Week Six: More Tombs and Tragedies: The Medici, Florence, and the Politics of Dissimulation
Monday February 11: The Medici Chapel, I: Politics, Religion, Representation
Reading: Hughes, Michelangelo, 175-206.
Tuesday, February 12: Exam review
Short Paper 2 draft due by 5pm
Wednesday February 13: First Unit Exam
Week Seven: The End of Florence
Monday February 18: Presidents’ Day, University holiday
Tuesday, February 19: Common writing mistakes, rhetorical structure, and introductory paragraphs
Wednesday, February 20: The Medici Chapel, II: Simulacra and the Gaze of Stone
Reading: Hughes, Michelangelo, 224-227; Charles Dempsey, Inventing the Renaissance Putto (Chapel Hill and London: University of North Carolina Press, 2001), 219 (from final paragraph)-231.
Week Eight: Religious Reform, and the Scandal of Modern Art
Monday, February 25: Michelangelo and the Body in Judgment
Reading: Hughes, Michelangelo, 238-254.
Tuesday, February, 26: Conclusion paragraphs
Conclusion paragraph draft due in section
Short Paper 2 final draft due by 5pm
Wednesday, February 27: The Last Judgment of Renaissance Art
Reading: Melinda Schlitt, “Painting, Criticism, and Michelangelo’s Last Judgment in the Age of the Counter Reformation,” in Michelangelo’s “Last Judgment”, ed. Marcia Hall (Cambridge and New York: Cambridge University Press, 2005), 113-149.
Week Nine: Drawing, Private Faith, and the Art of Interiority
Monday, March 4: The “Presentation” Drawing, and drawing inward
Reading: Hughes, Michelangelo, 231-238, 257-263; Paul Joannides, “Primitivism in the Late Drawings of Michelangelo: the Master’s Construction of an Old-Age Style,” in Michelangelo Drawings (Washington, DC: National Gallery of Art, 1992), 245-262.

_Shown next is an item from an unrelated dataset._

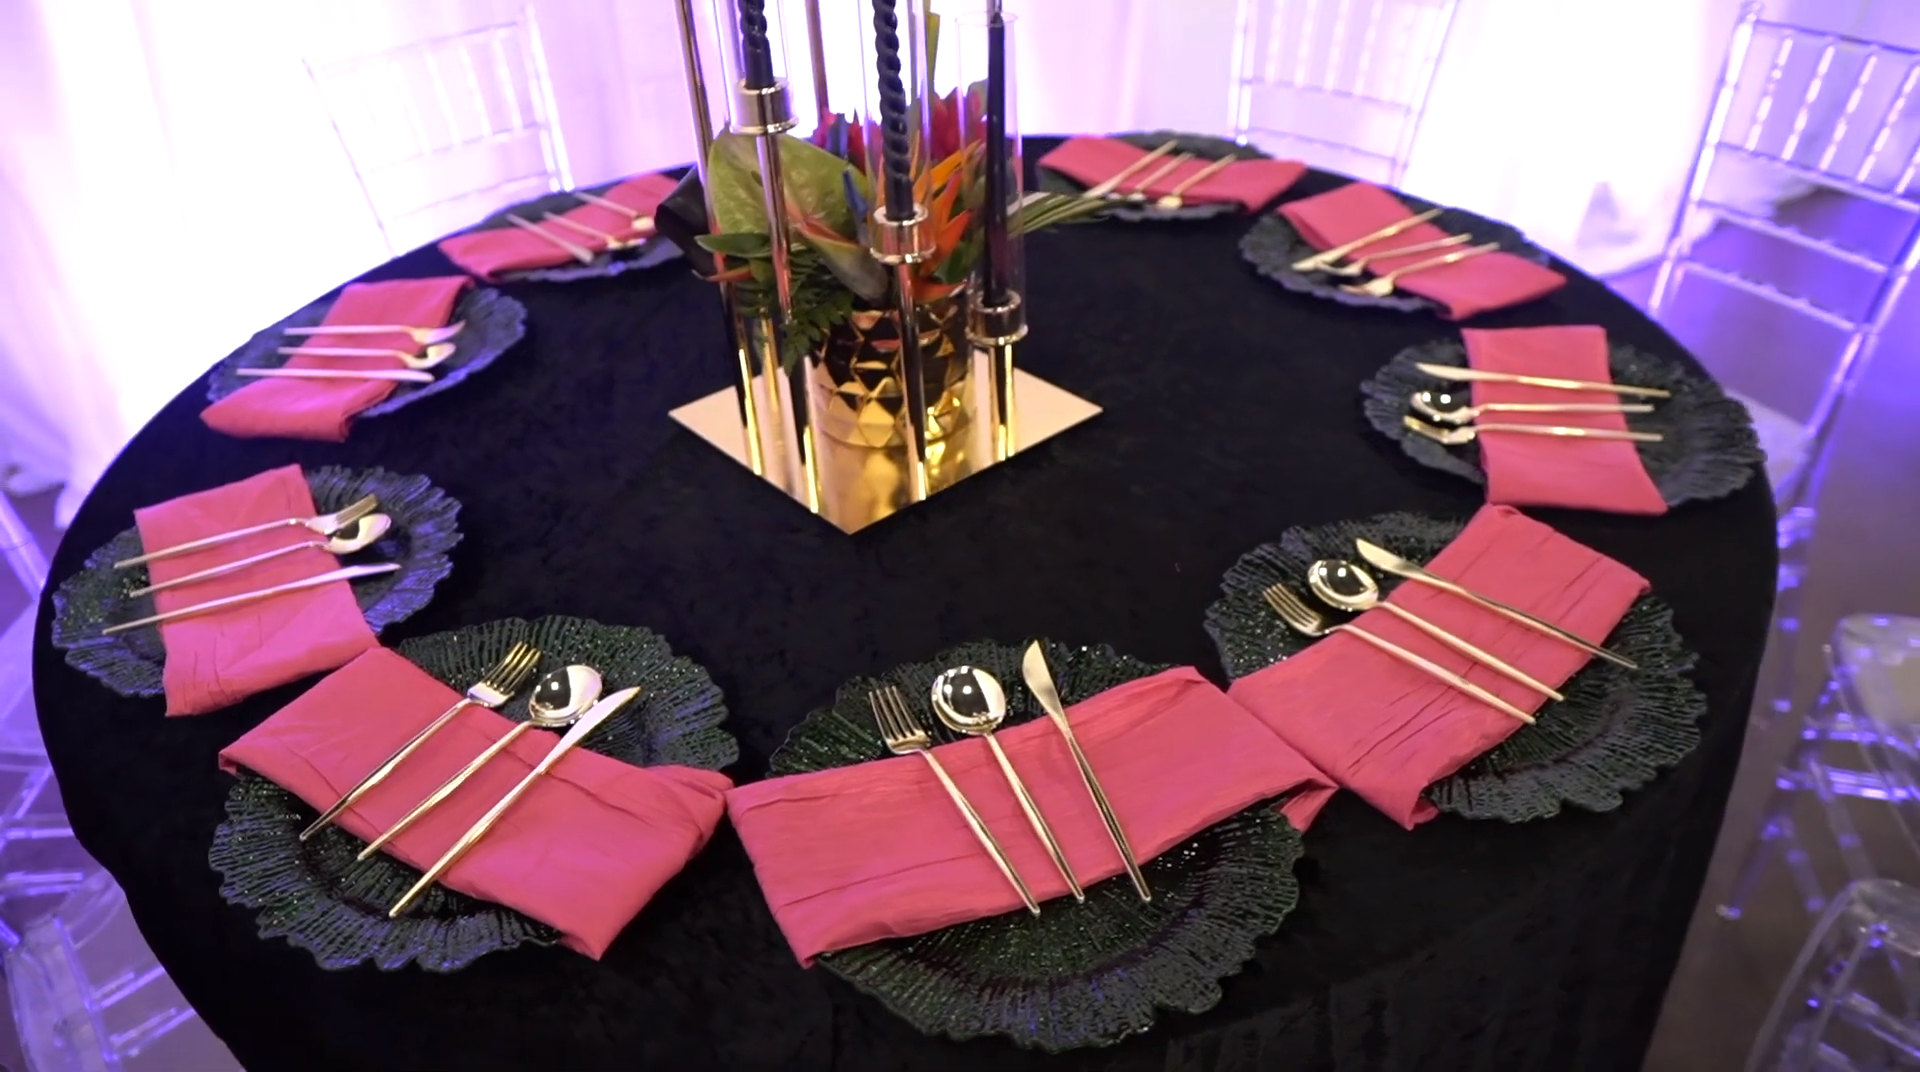 Table setting with charger plates, utensils, and dinner napkins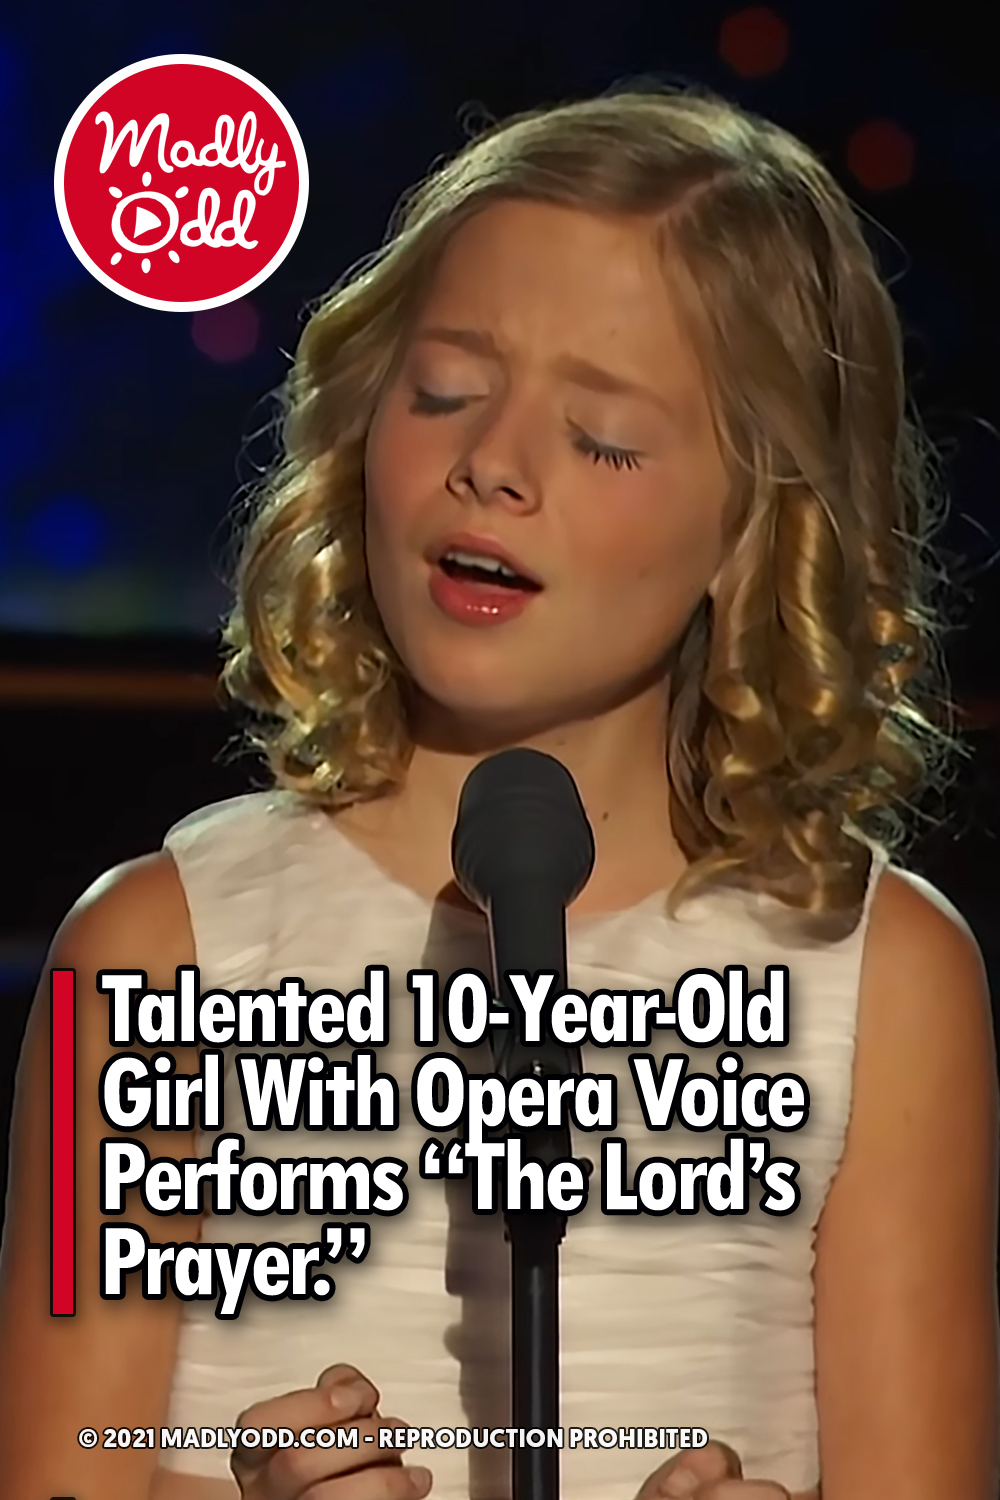 Talented 10-Year-Old Girl With Opera Voice Performs “The Lord’s Prayer.”

Tuesday, March 5: In-class office hours (optional)
Wednesday, March 6: Piety and Pity – the Late Pietas
Reading: Hughes, 283-288, 313-316; John Paoletti, “The Rondanini Pietà: Ambiguity Maintained through the Palimpsest,” Artibus et Historiae, 21 (2000): 53-80; Nagel, Michelangelo, 200-216.
Week Ten: Muscle in Architecture – the Body Elsewhere
Monday, March 11: Animate Architecture and Building for Eternity
Reading: James Ackerman, The Architecture of Michelangelo (University of Chicago Press, 1986), ch. 1, “Michelangelo’s “Theory” of Architecture.” Hughes, Michelangelo, 207-224, 291-310.